• **Try it**:
Please produce an exact copy of only the lines from the one with "Сильвия в красном" through the last one of the material, without pictures.

Available data below:

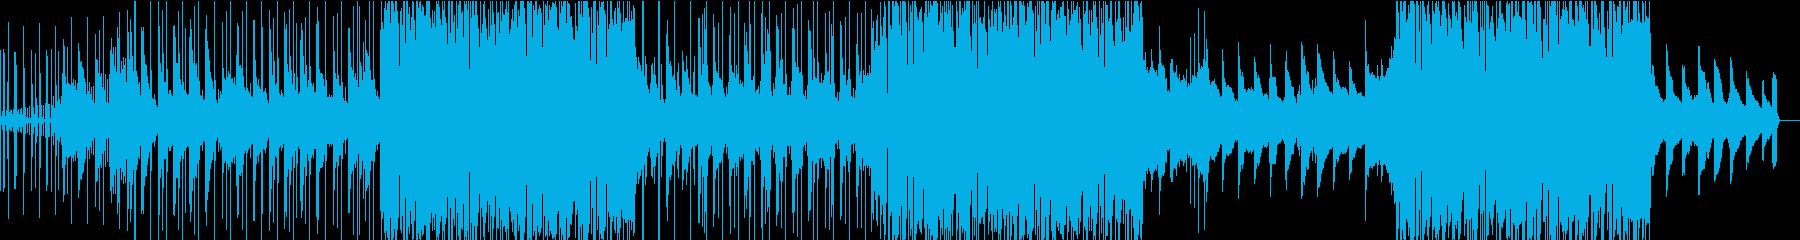 センチメンタル・情緒的の再生済みの波形
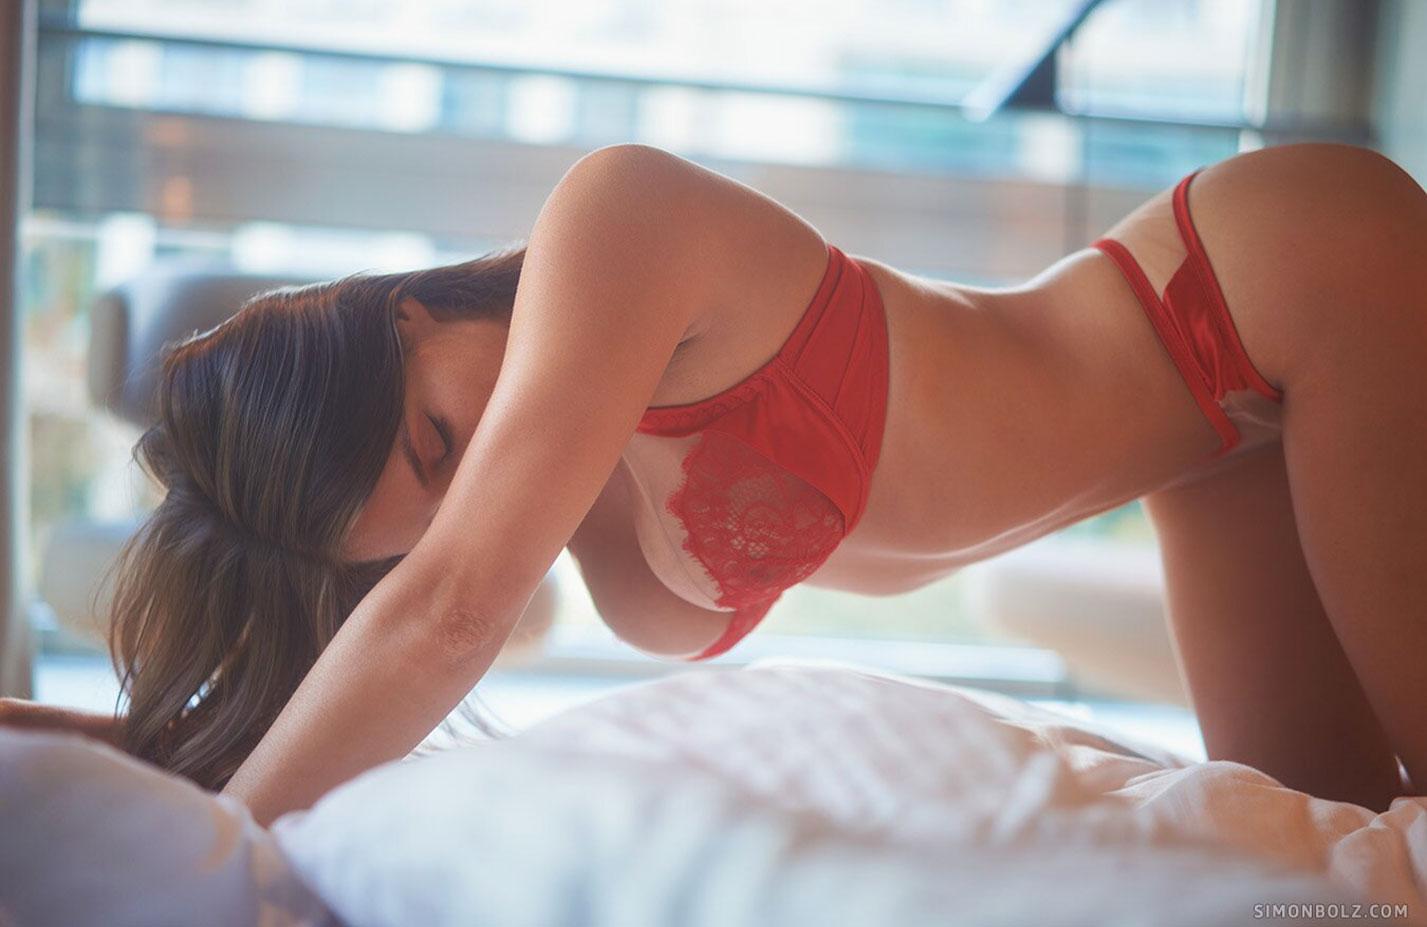 Сильвия в красном кружевном нижнем белье / фото 09
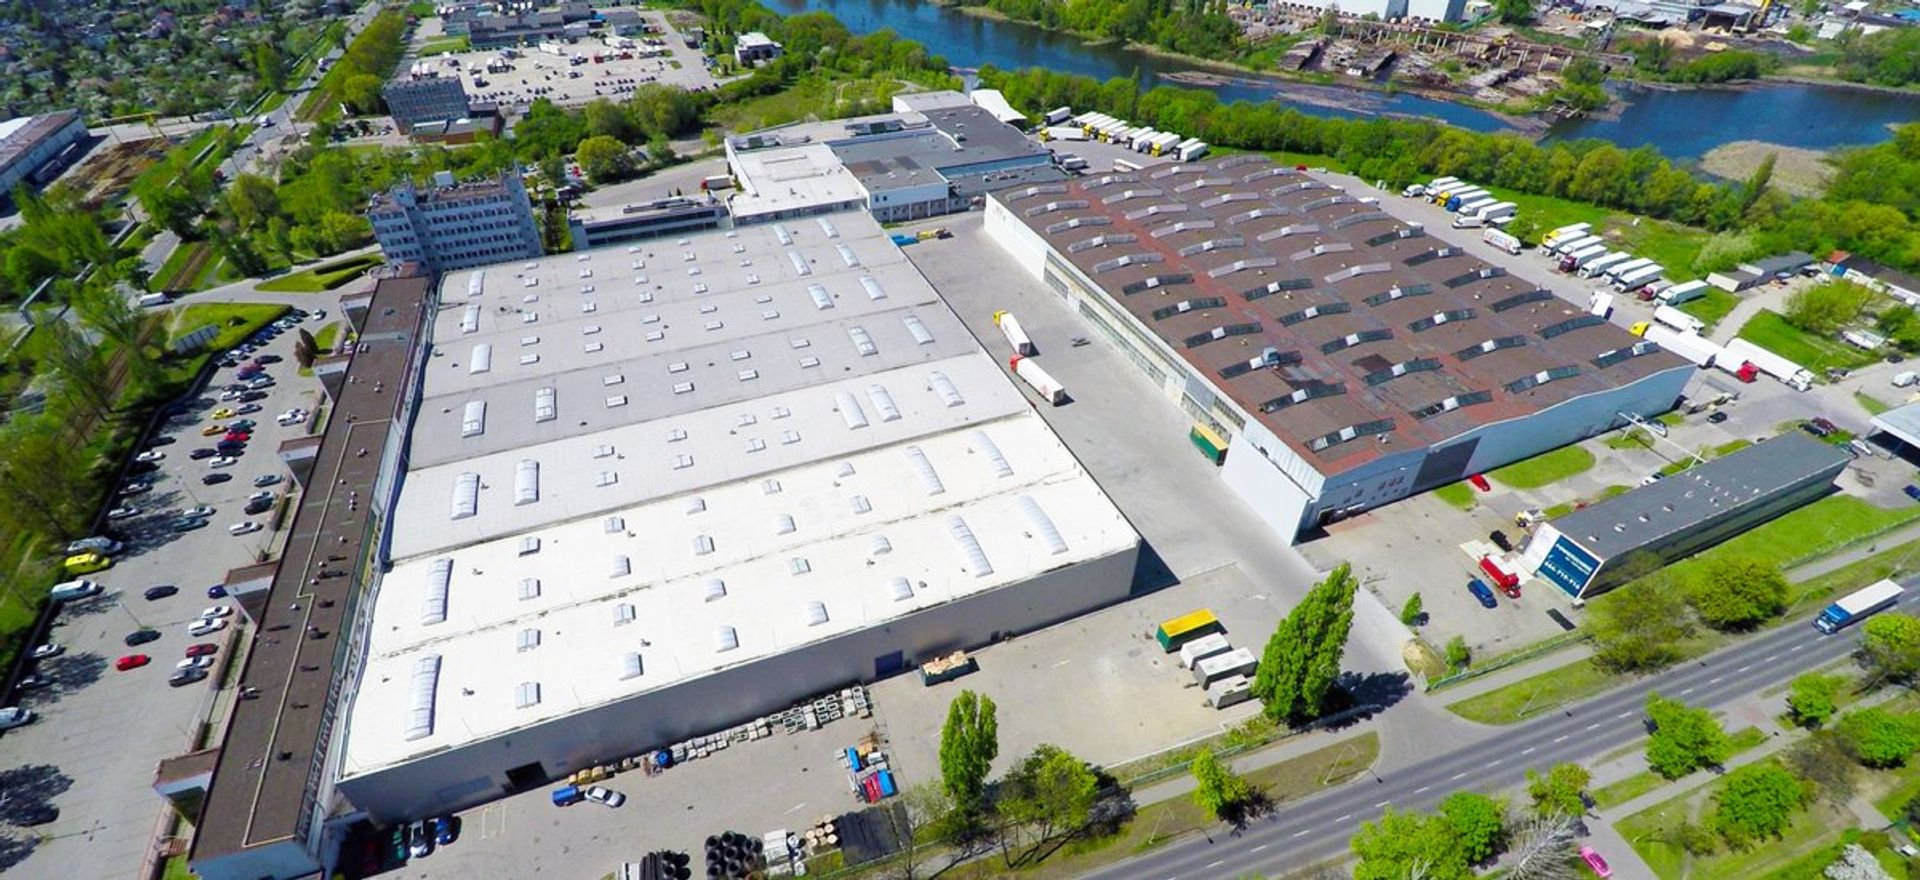 [Bydgoszcz] Kolejna umowa najmu w Logistic & Business Park Bydgoszcz przedłużona
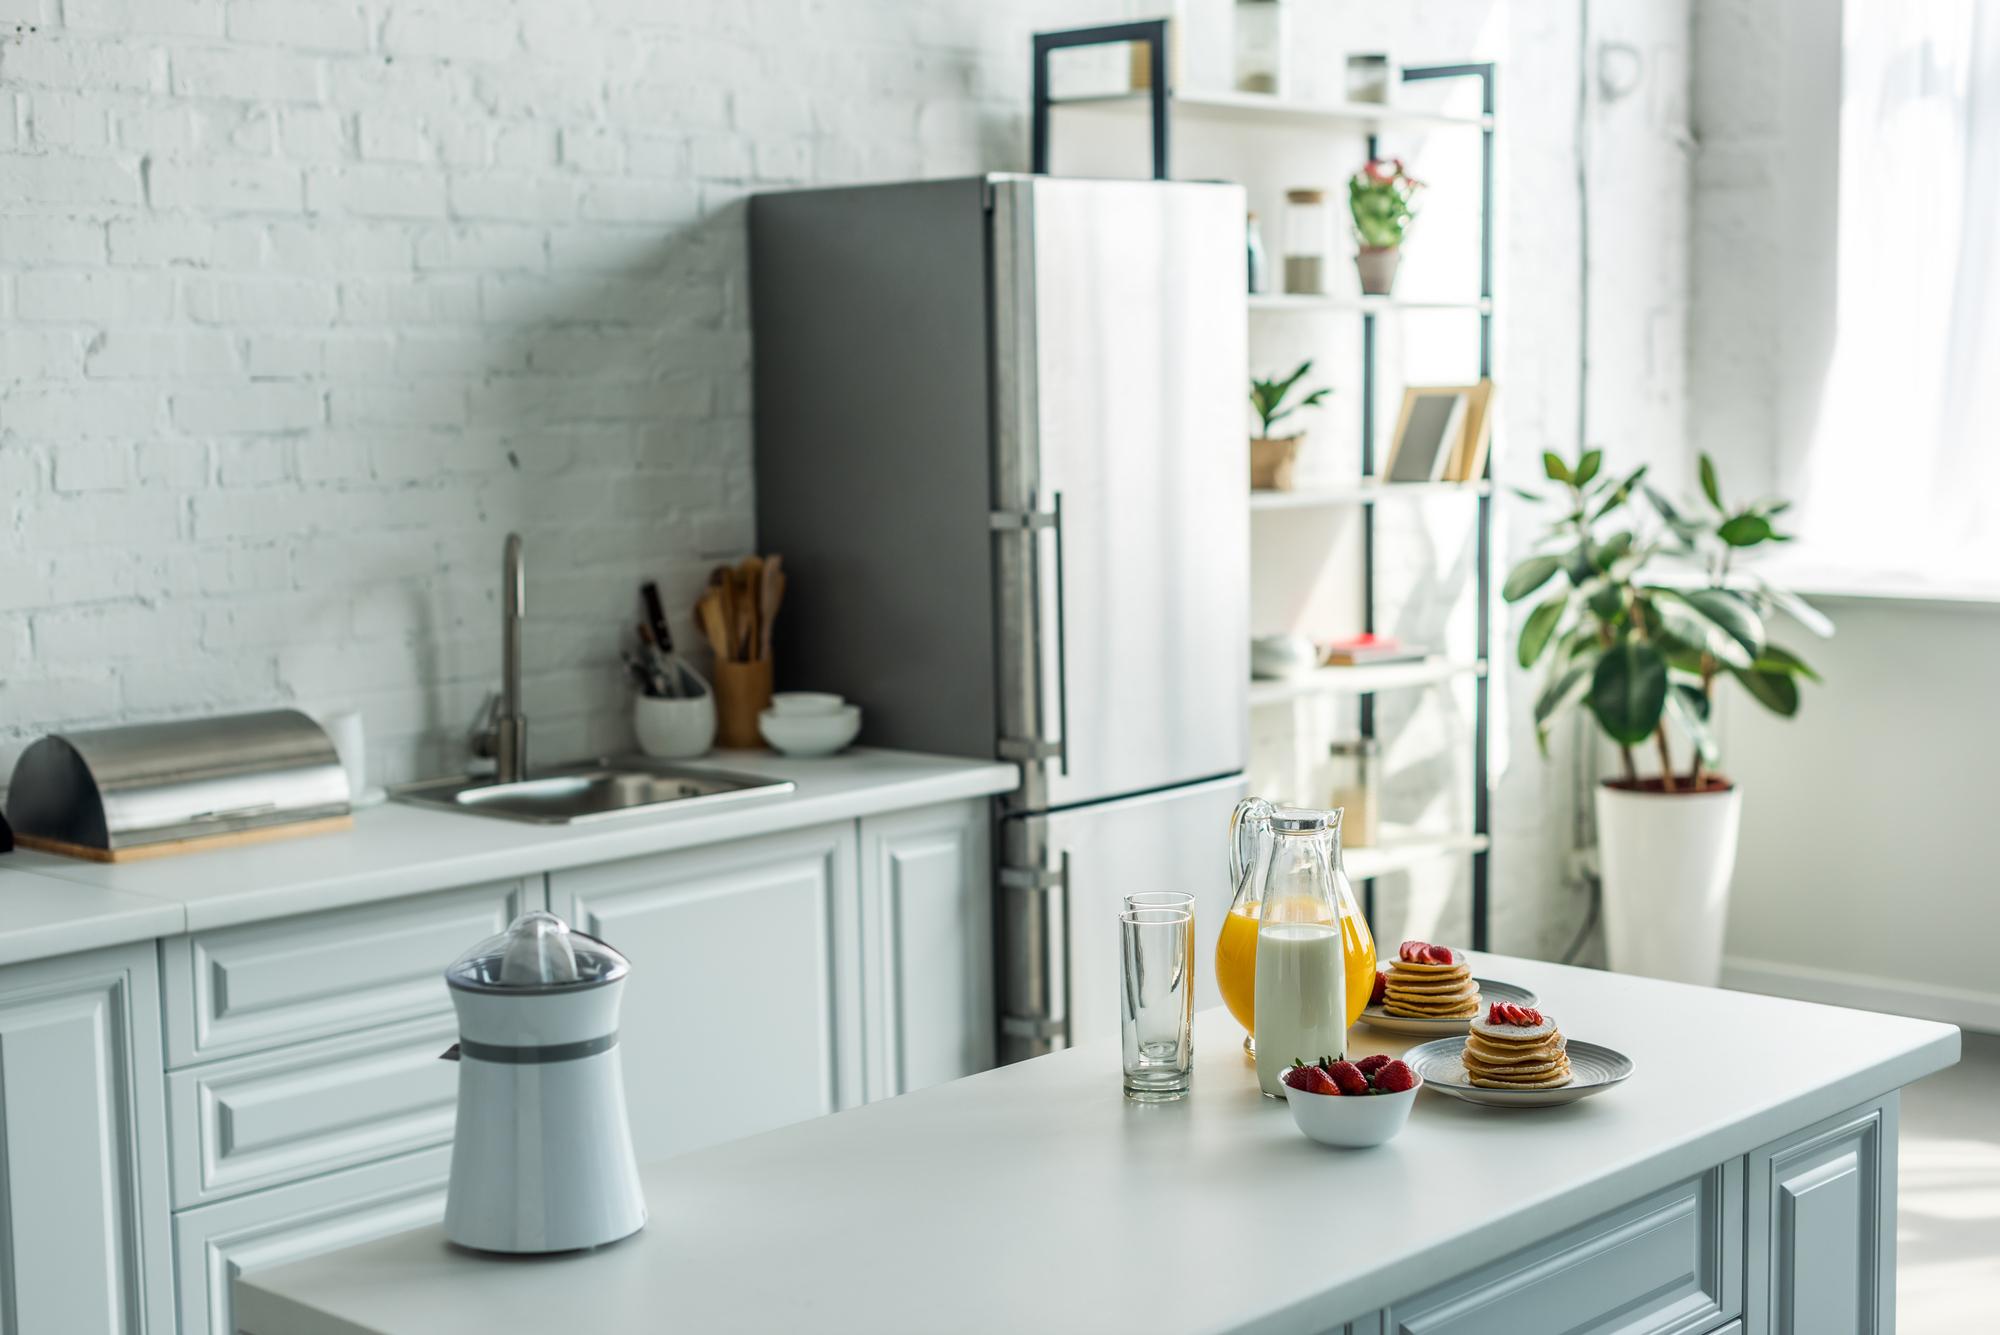 Alul- vagy felül fagyasztós hűtő? Esetleg side-by-side? A döntés rajtunk áll.

End of Available data.

• **Response area**:
 Сильвия в красном кружевном нижнем белье / фото 09
 [Bydgoszcz] Kolejna umowa najmu w Logistic & Business Park Bydgoszcz przedłużona
 Alul- vagy felül fagyasztós hűtő? Esetleg side-by-side? A döntés rajtunk áll.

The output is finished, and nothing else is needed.